I’m interested in promoting open access to research and will help present next week’s Research elevenses half hour talk on Making your publications available through the Leicester Research Archive.
I’m starting with Why Green Open Access? I expect to think on this topic and expand in the future on it.
Eprints: Open Access has some useful pointers: Mandates and Metrics: How Open Repositories Enable Universities to Manage, Measure and Maximise their Research Assets (PDF) by Stevan Harnad gives a pretty good manifesto.
The University of Leicester mandates use of open access as a matter of policy – which has been shown to make a major change to deposit rates at other institutions and then to them performing strongly on various research measures. The University is presumably concerned with our reputation and the reputation of researchers and their institution I think is pretty closely linked (perhaps I should look up the stats on that)
One big reason as a researcher is to increase your citations and The Open Citation Project’s The effect of open access and downloads (‘hits’) on citation impact: a bibliography of studies rallies some of the evidence. Even if your research is published elsewhere, putting it in your institutional repository helps others find and use it and that might not be immediately obvious.
There are many peer reviewed journals. We subscribe to a fraction as do others – do your readers subscribe to the journals that would allow them to read your work? What happens if they don’t usually work in your discipline?
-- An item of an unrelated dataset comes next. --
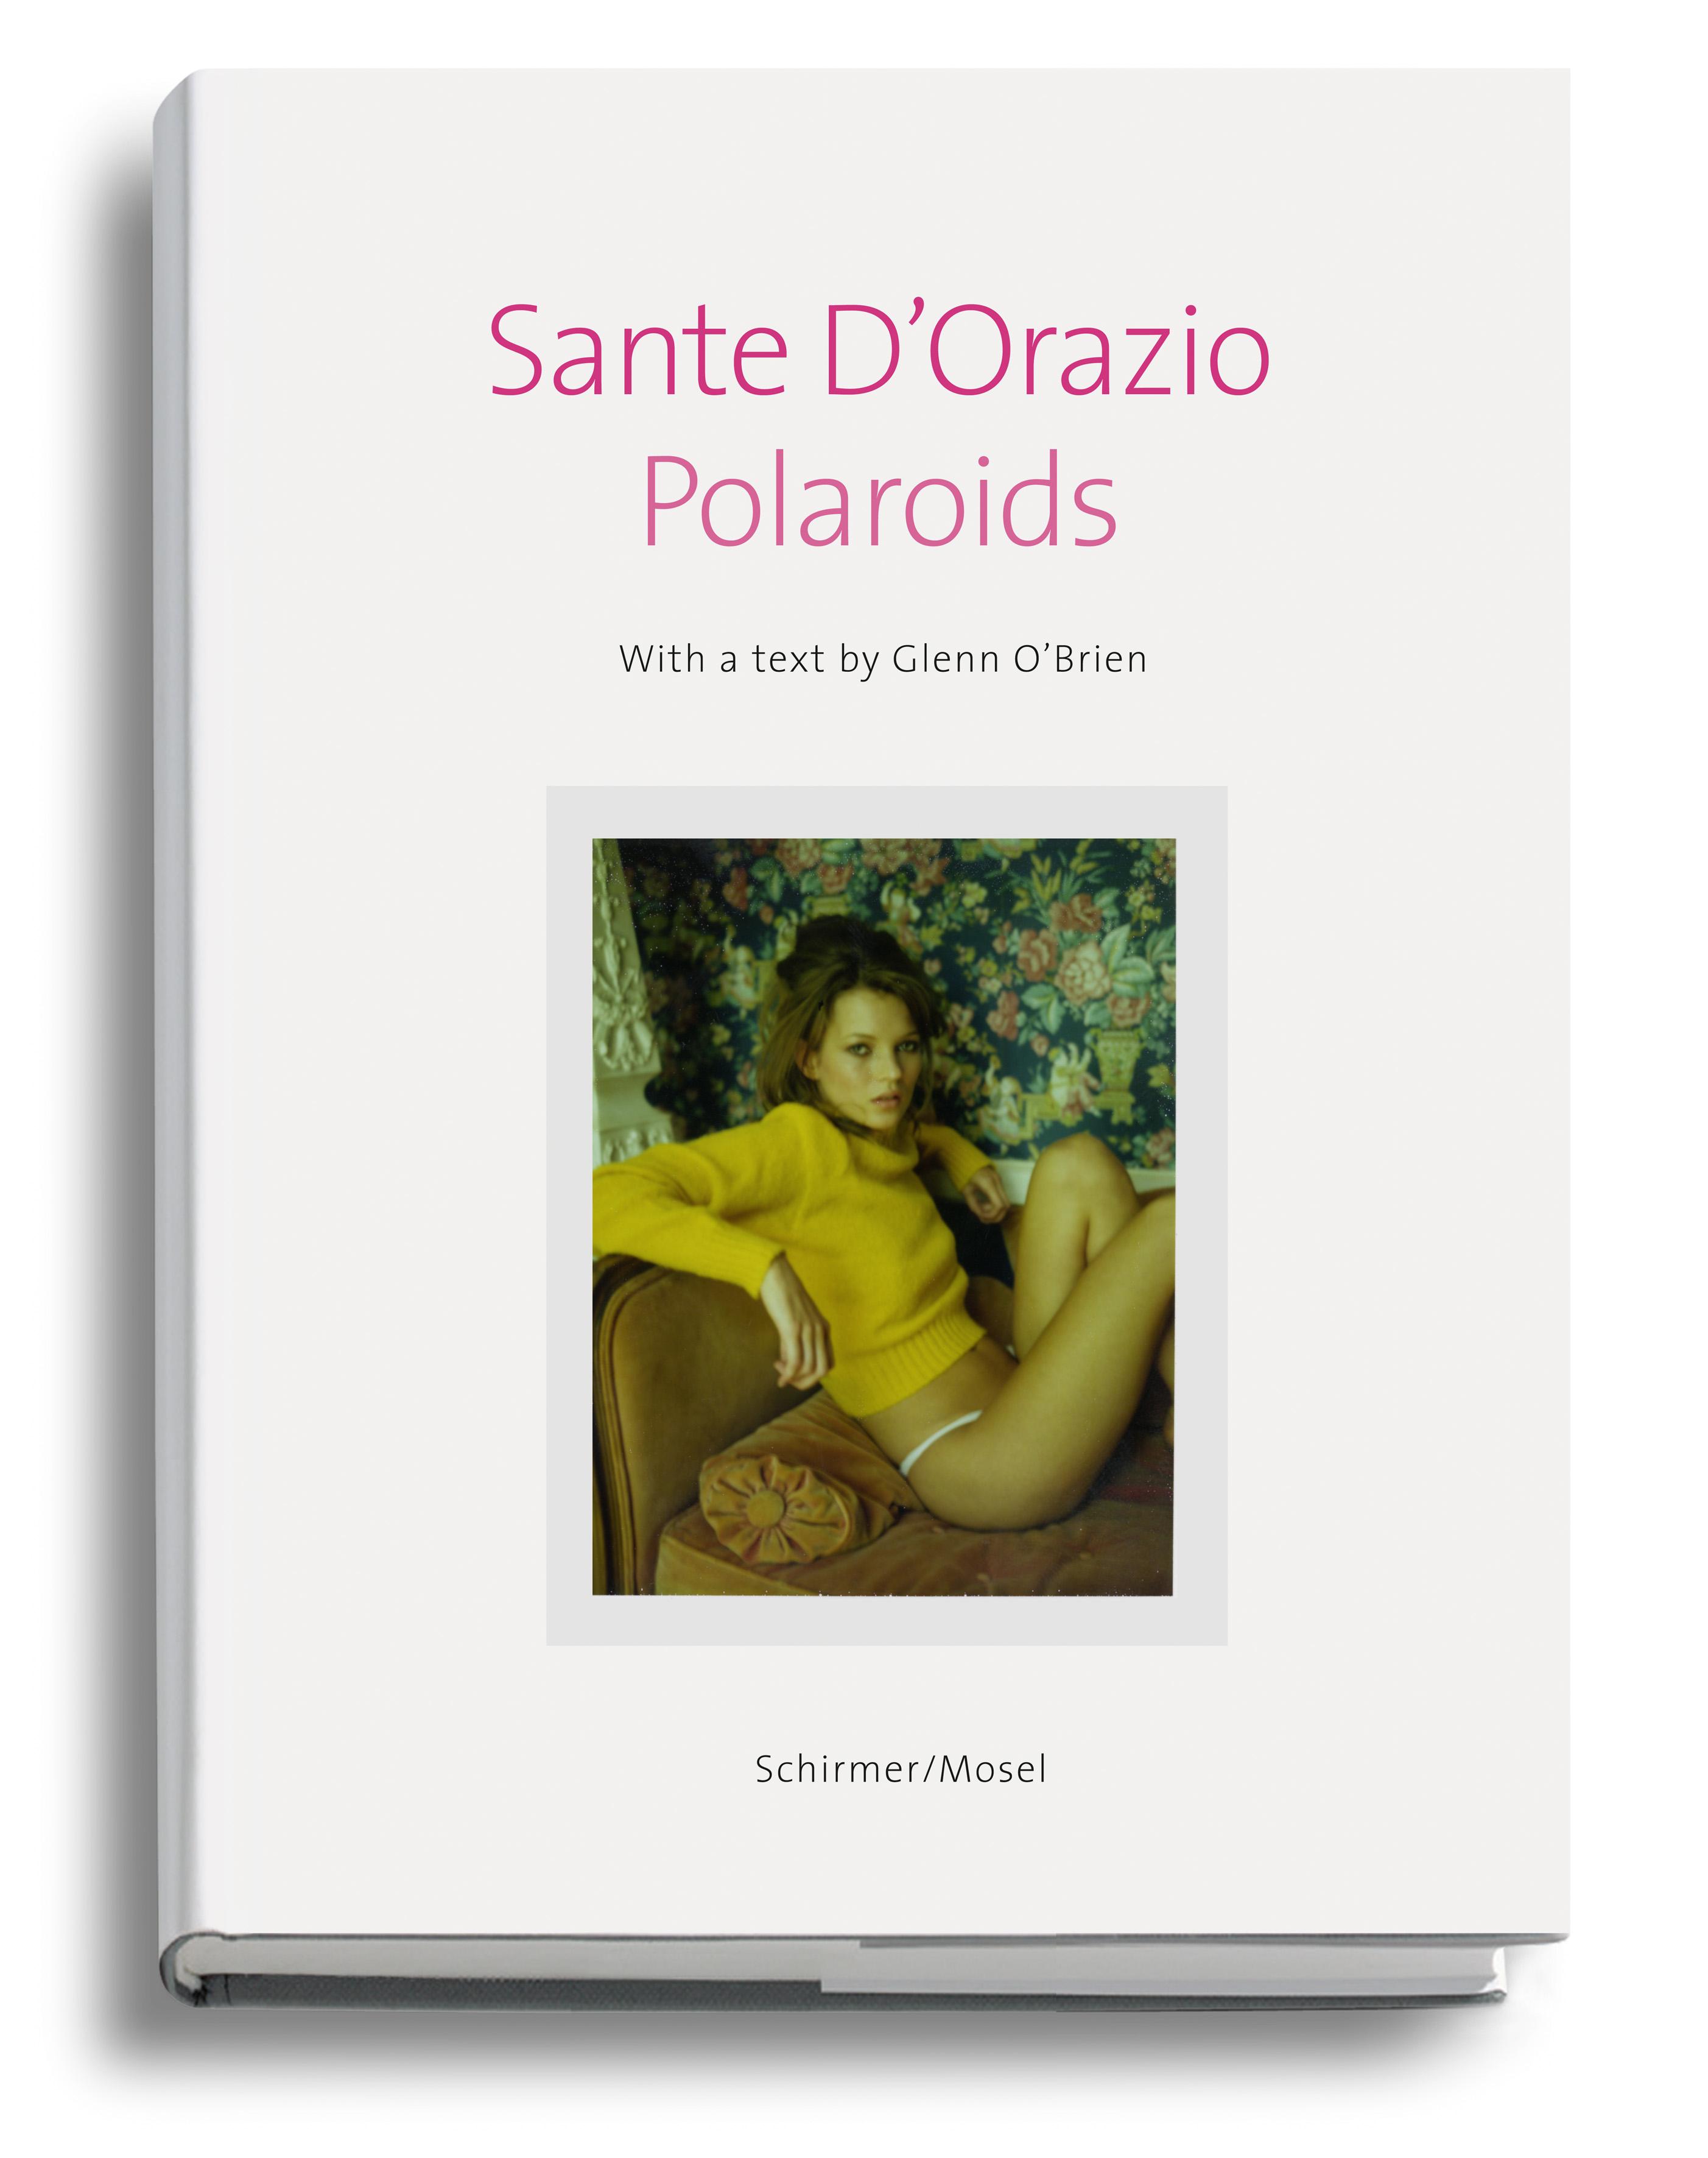 © Sante D'Orazio / courtesy Schirmer/Mosel

Do you even know who out there might benefit from your work?
I probably don’t need to explain why having your work found, used and acknowledged might be good for a researcher both for personal satisfaction and career. How do you share what you have found so others can find your work, read it, suggest corrections, modifications and extensions and apply it themselves? How can we help make you most visible (and not just that you have done a piece of research but the full text of what it was).
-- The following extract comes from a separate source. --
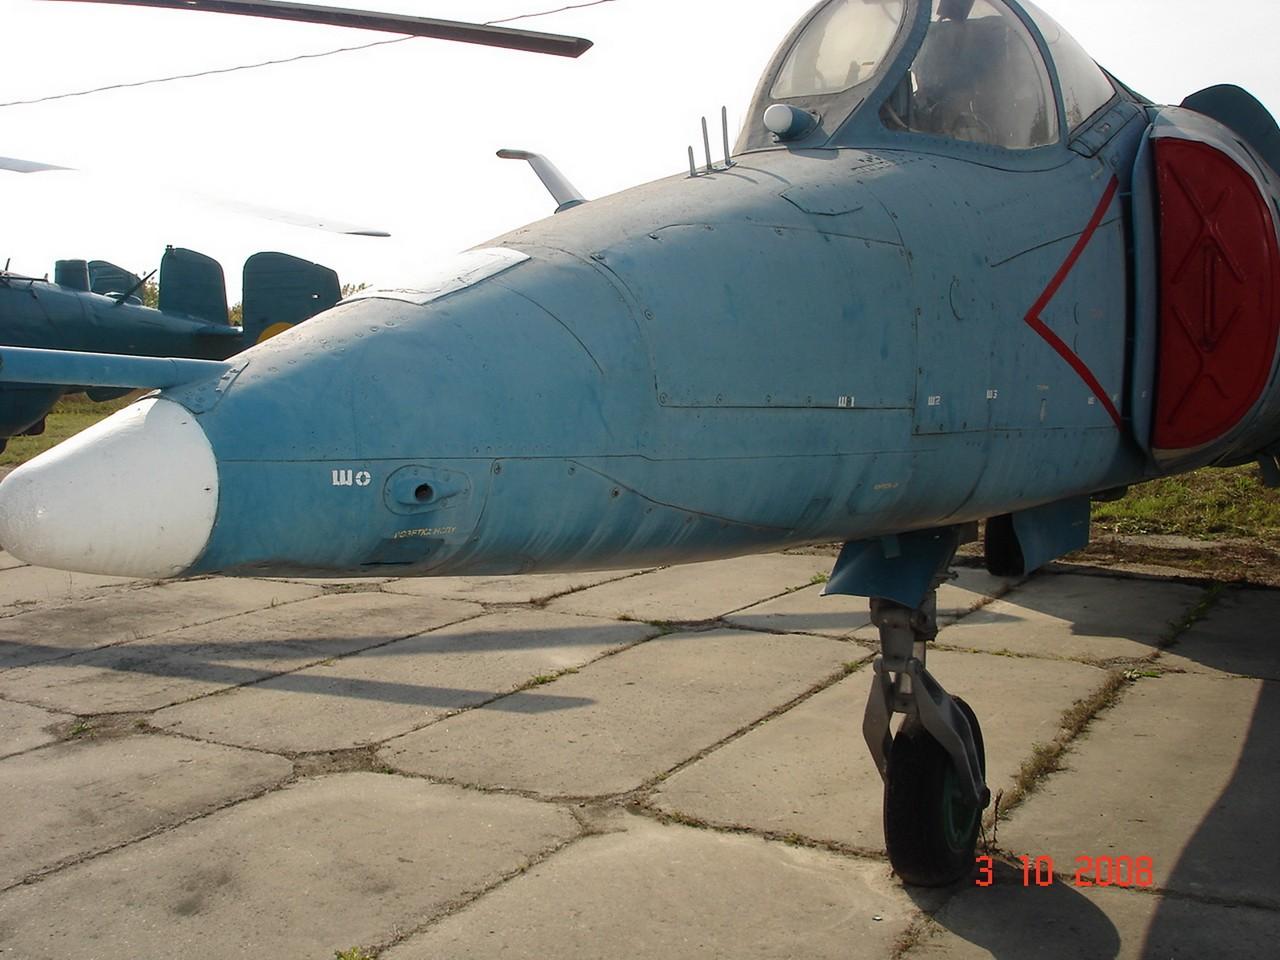 ヤコフレフ ヤク-38 フォーガー

Are you interested in the uptake and usage of your ideas? We can summarise the web of connections that offer you credit and advise on how to best show your work and potential.
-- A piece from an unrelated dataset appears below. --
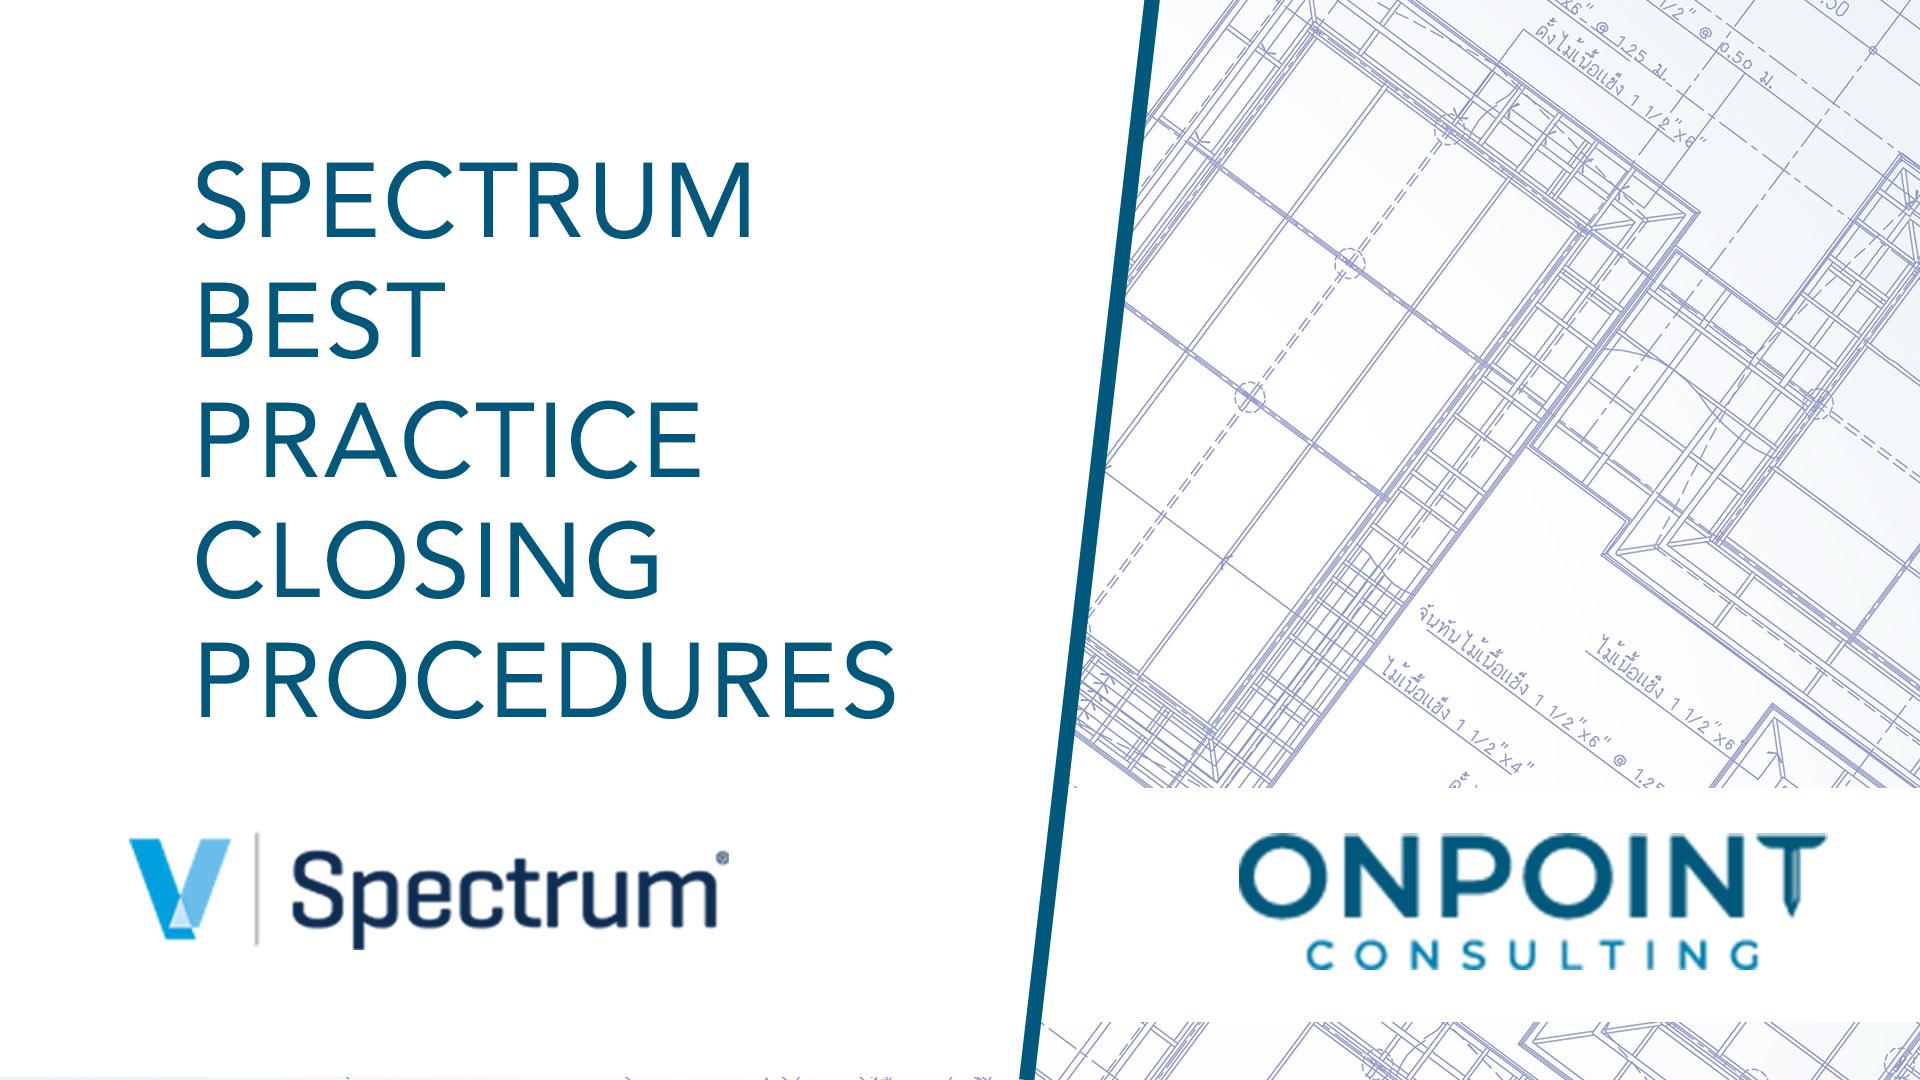 Spectrum Best Practice Closing Procedures

The very process of academic discourse and of scientific learning involves scrutiny and criticism and I am regularly amazed at the pace of learning in the world. The open access world promises smoother and faster flow of knowledge, though there are of course criticisms of the dangers of some types of open access and how money is allocated. I liked Open Access: HEFCE, REF2020 and the Threat to Academic Freedom at The Disorder of Things blog from December 2012.
By depositing your work we will collect, manage and showcase your research so you no longer need to maintain an on-line home for it. In the future we or others can look at well described data in new ways – look at the creative mash-ups already popping up around dry government statistics.
There has been an international movement towards open access to research as a public good. There are the OECD Principles and Guidelines for Access to Research Data from Public Funding from April 2007. The UK Government backs Open Access to Research Publications and Data hence the Research Councils UK Policy on Open Access as well as other funders.
For better or worse, funders seem to like manageability of research and getting the most for their pots of money.
Researchers are rewarded or impeded by measures of performance, productivity and impact from publication citations and many metrics both traditional and contemporary. This affects academic hierarchy and also perhaps whether your research will get used in industry, picked up by the media and maybe lead to paid publications or projects.
Not everyone makes their publications available on-line even if they are supposed to. This leaves open a competitive advantage by getting high quality peer reviewed research out there first.
Our system doesn’t immediately expose papers before we’ve checked them so you don’t need to worry about accidentally sending out the wrong version.
The Mantra Research Data Management Training on Sharing, preservation, and licensing lists benefits again for Open Access publishing: Scientific integrity, Funder requirements, Impact, Collaboration, Innovation, Preservation for your own future use, Teaching and the Public Record.